[arin-ppml] ARIN-prop-165 Eliminate Needs-Based Justification on8.3 Specified Transfers

George Bonser gbonser at seven.com
Sun Feb 19 18:59:01 EST 2012


> It's time to inculcate a free transfer market by removing ARIN
> transactional impediments like needs requirements, when those
> requirements were designed solely to foster conservative stewardship of
> free pool addresses, not already allocated addresses, on a transfer
> market where the addresses have a monetary value.

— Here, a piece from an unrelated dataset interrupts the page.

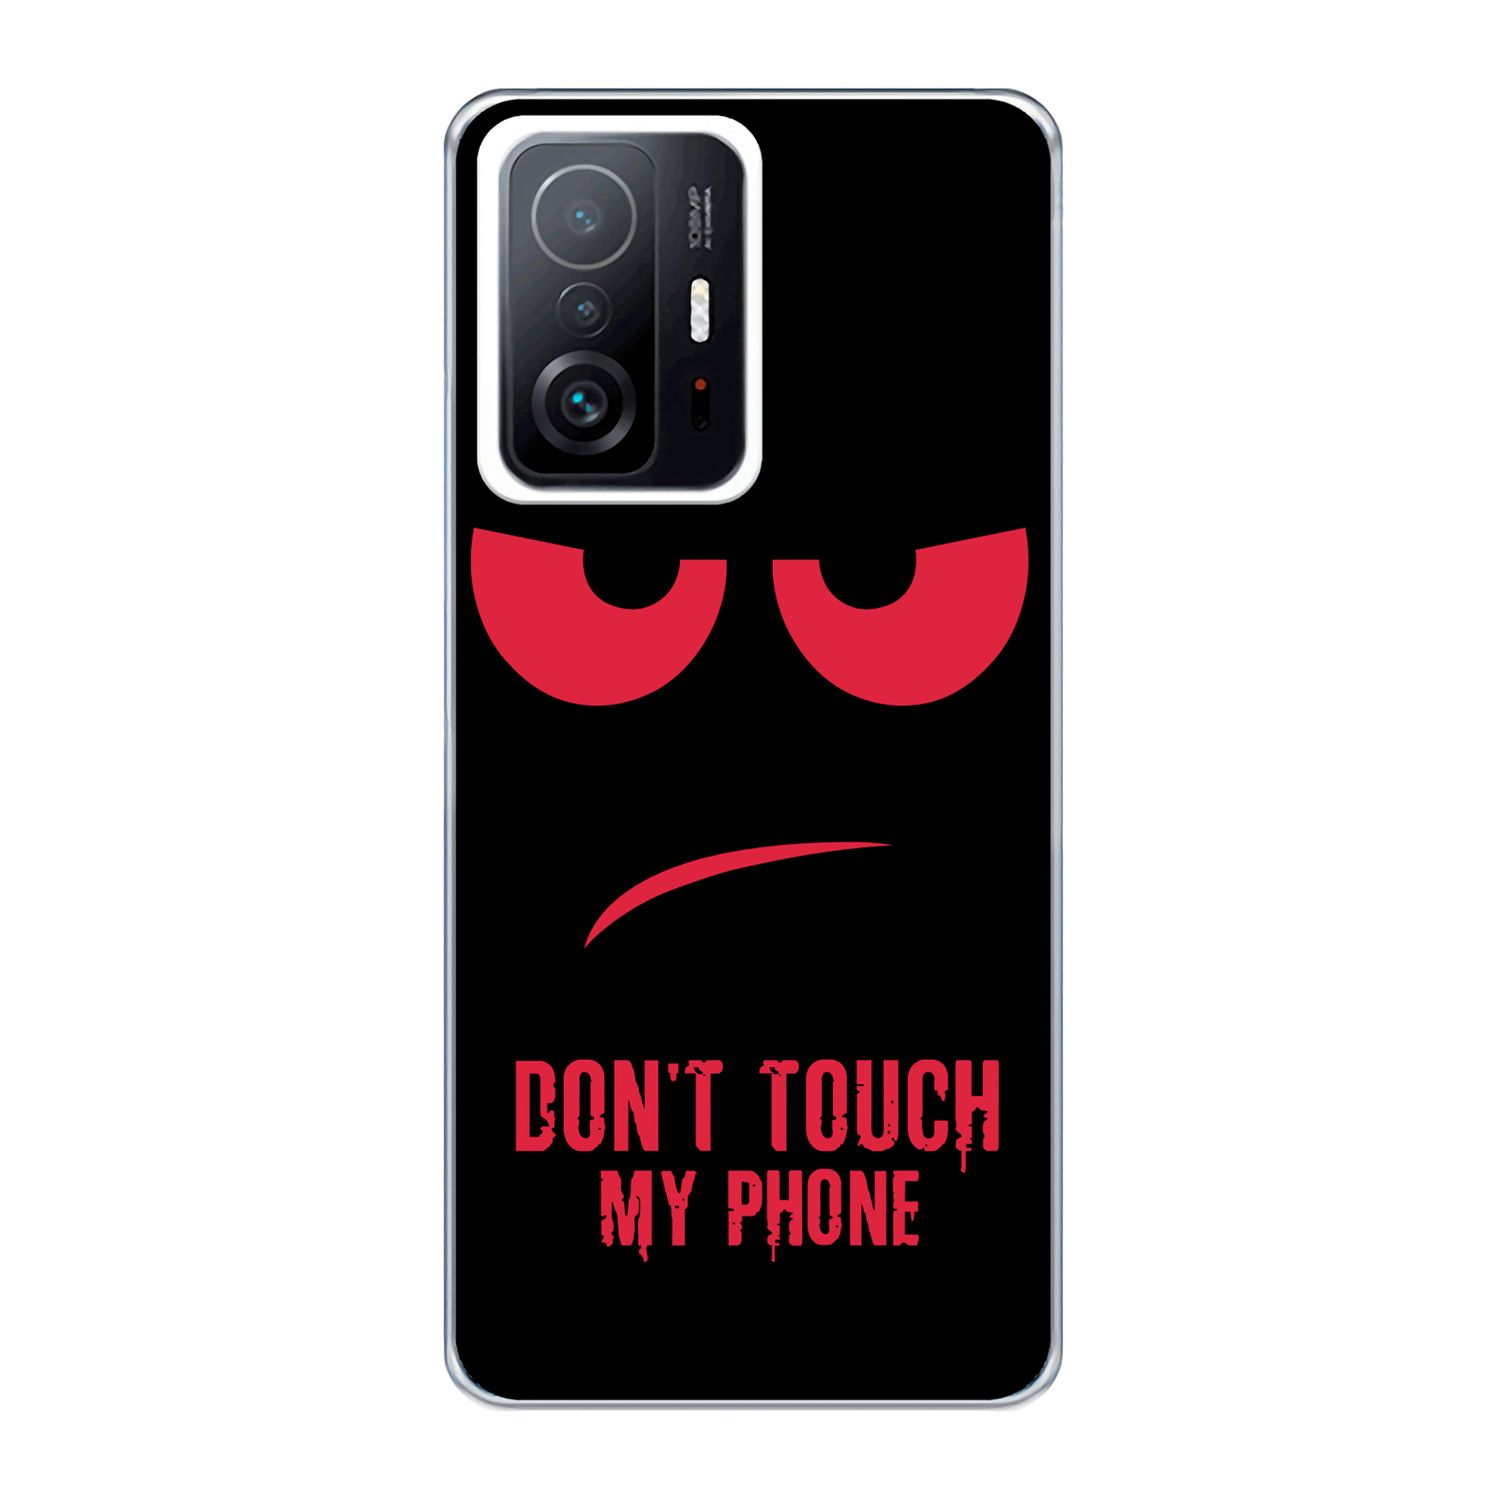 Touch Backcover, Dont My Case, Phone Pro, KÖNIG DESIGN Xiaomi, / Rot 11T 11T Mi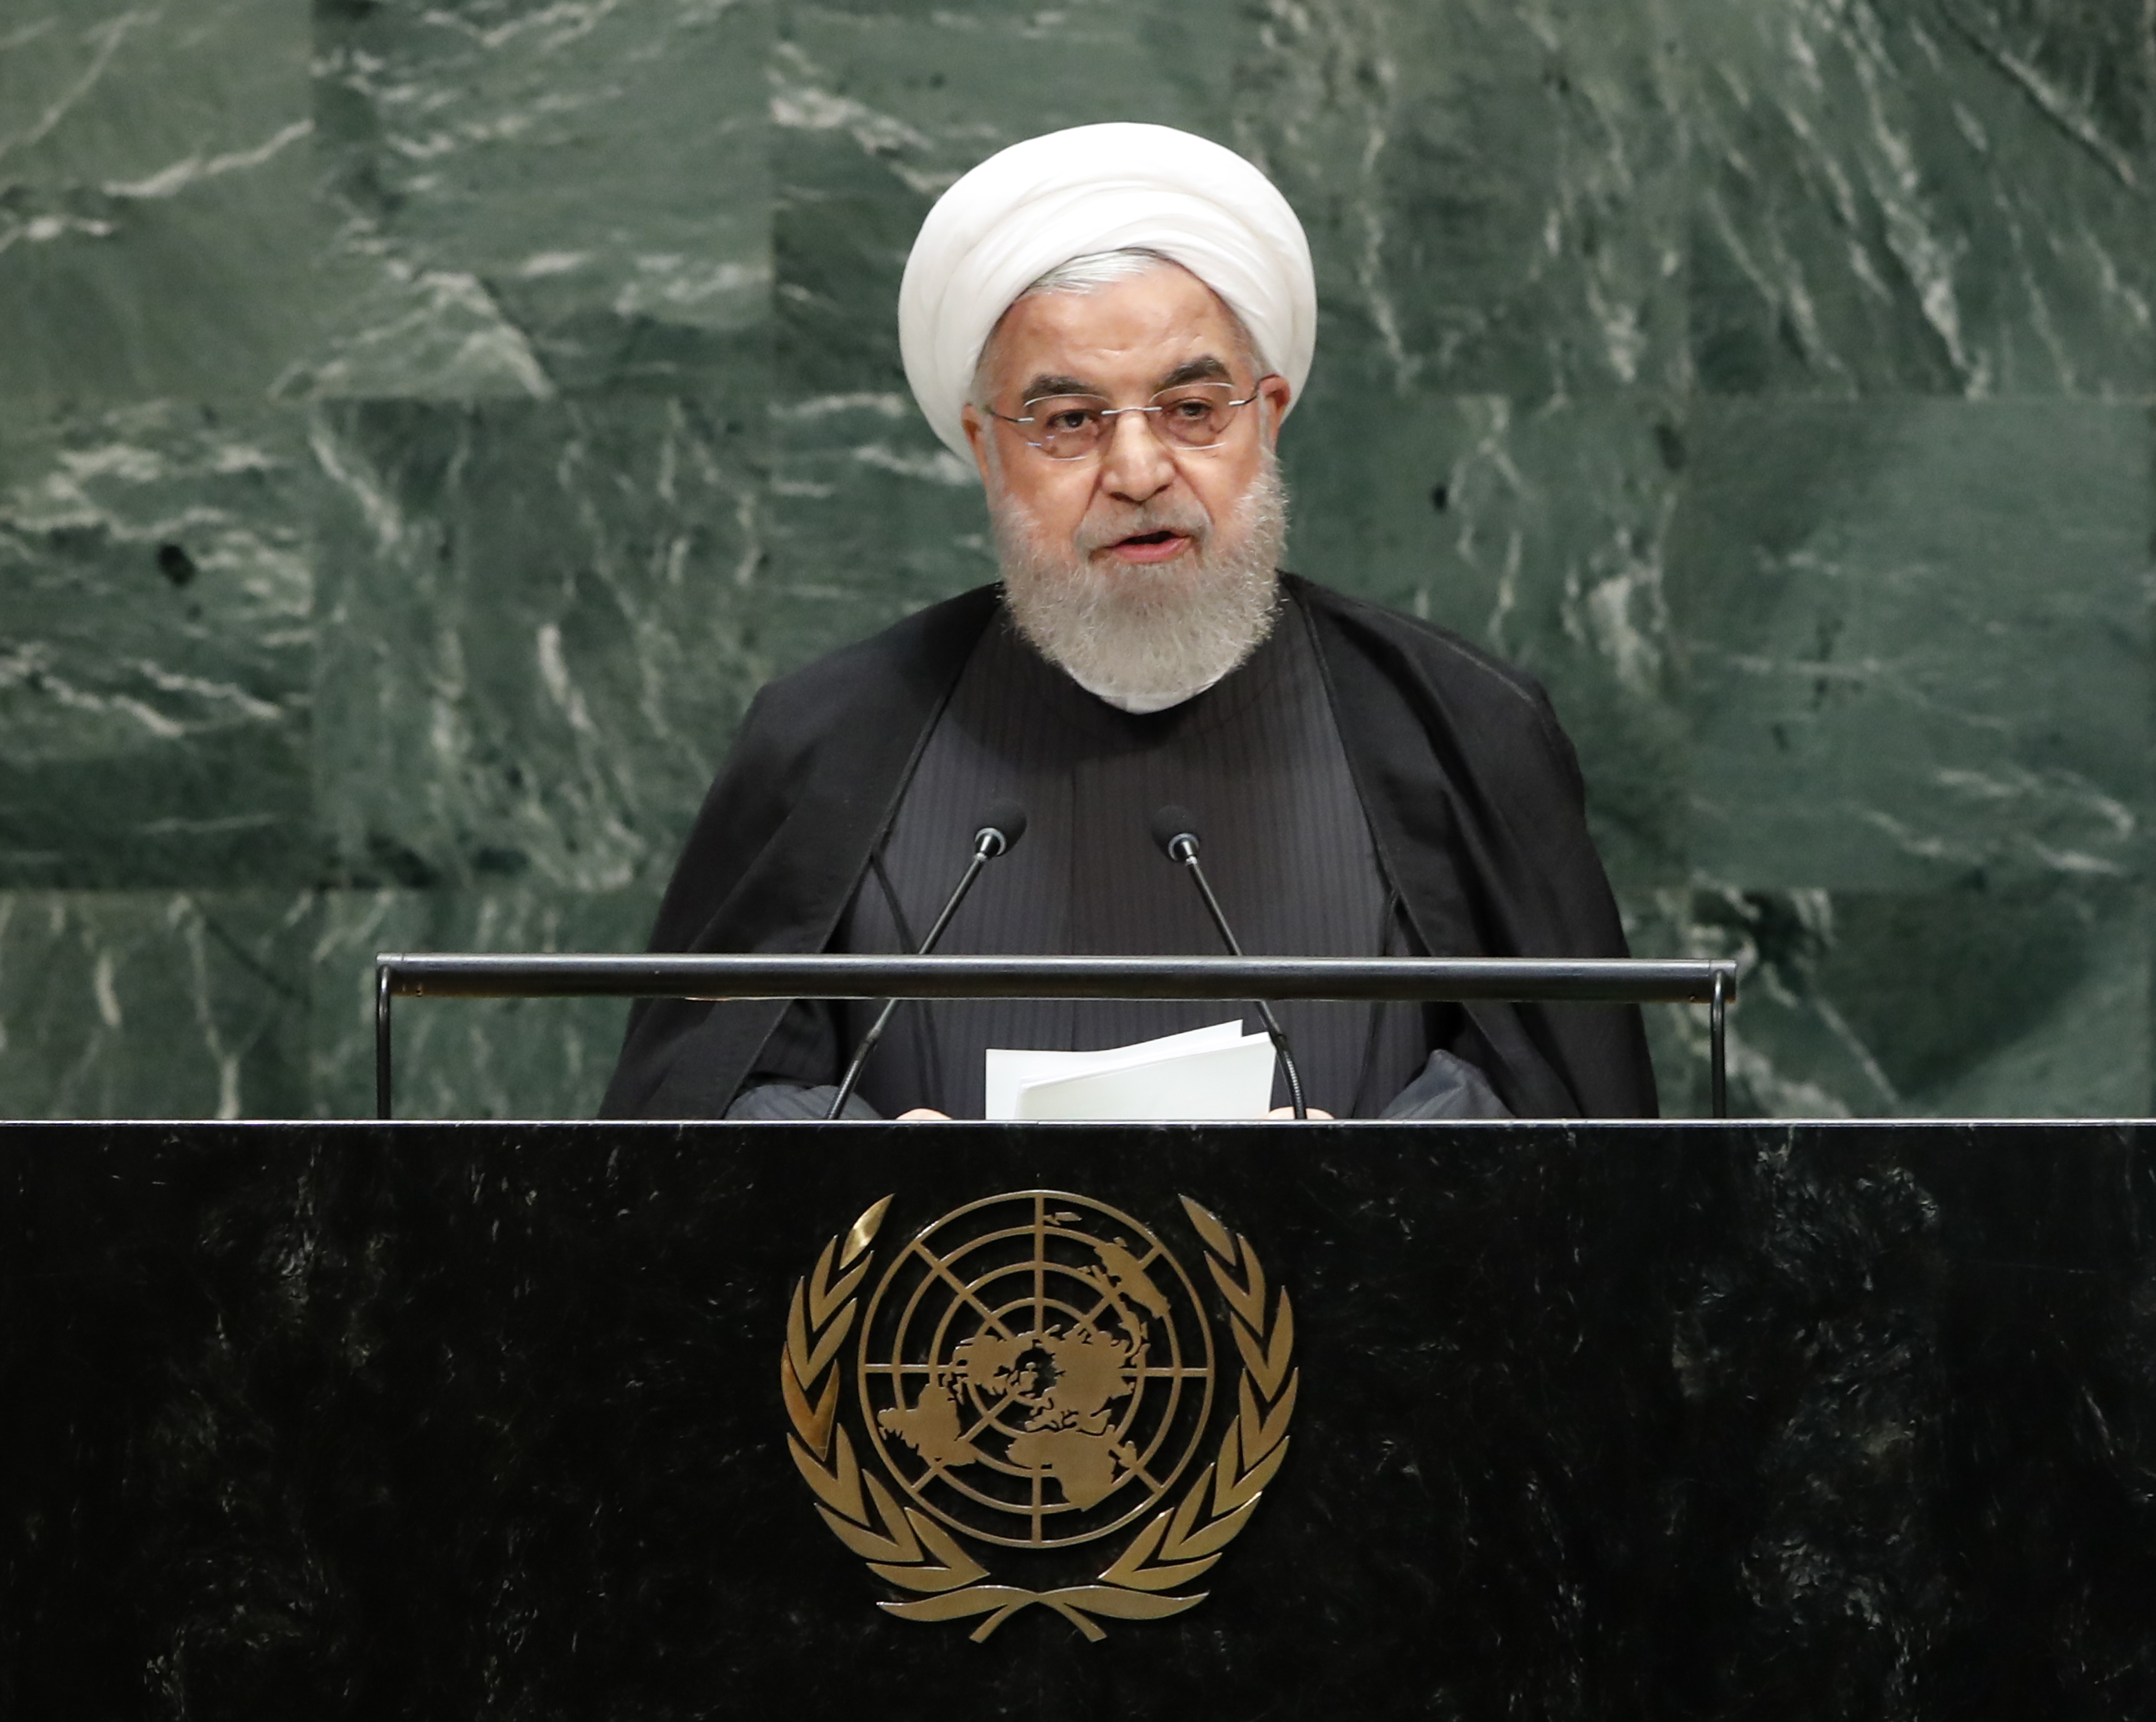 epa07868715 President of the Iran Hassan Rouhani speaks to the general debate of the 74th session of the General Assembly of the United Nations at United Nations Headquarters in New York, New York, USA, 25 September 2019. The annual meeting of world leaders at the United Nations runs until 30 September 2019.  EPA/JASON SZENES

They have monetary value only to the extent that they may be transferred.  One must exist to create the other.  These are not property.  Resource allocations are a finite global resource and people have been designated a certain amount of that resource according to need.  I believe it is also the desire that unused resources be returned for re-allocation or transferred also according to need.  While I am an ardent support of free markets, this is one of the exceptional cases where a free market in the resource would do harm to a larger free market (operations on the internet in general).  It would allow an exceptionally deep-pocketed individual or organization to hoard address space and drive up market values or engage in malicious depriving of the market of address resources.  

Unlike gold or any other commodity, these addresses can not be added to by mining or improvements in production, etc.  The pie is of a fixed size and can not change in size.  This is at the same time the demands on those resources are increasing.  

This is a very short-sighted notion if looked at in the context of stewardship of the overall internet.  One might make a short term killing on IP address space yet do a huge amount of harm to the Internet as a whole.

> Fear of bogeymen like speculators and market-cornerers may be mitigated
> by the knowledge that huge blocks are available, and huge dollar
> amounts would be required to corner this market.

And there are plenty of people around with huge piles of idle cash.  The Warren Buffets of the world come to mind but even state actors could get into the fun.  A government could, through innumerable third parties, accumulate huge amounts of address space if the desire is to simply do harm to the economies that are more reliant on such space than theirs.  

> Speculators. Let's wait until we at least have a whiff of their
> existence before we strangle a market still in it's cradle

This is one place where a "free market" is not desirable, in my opinion.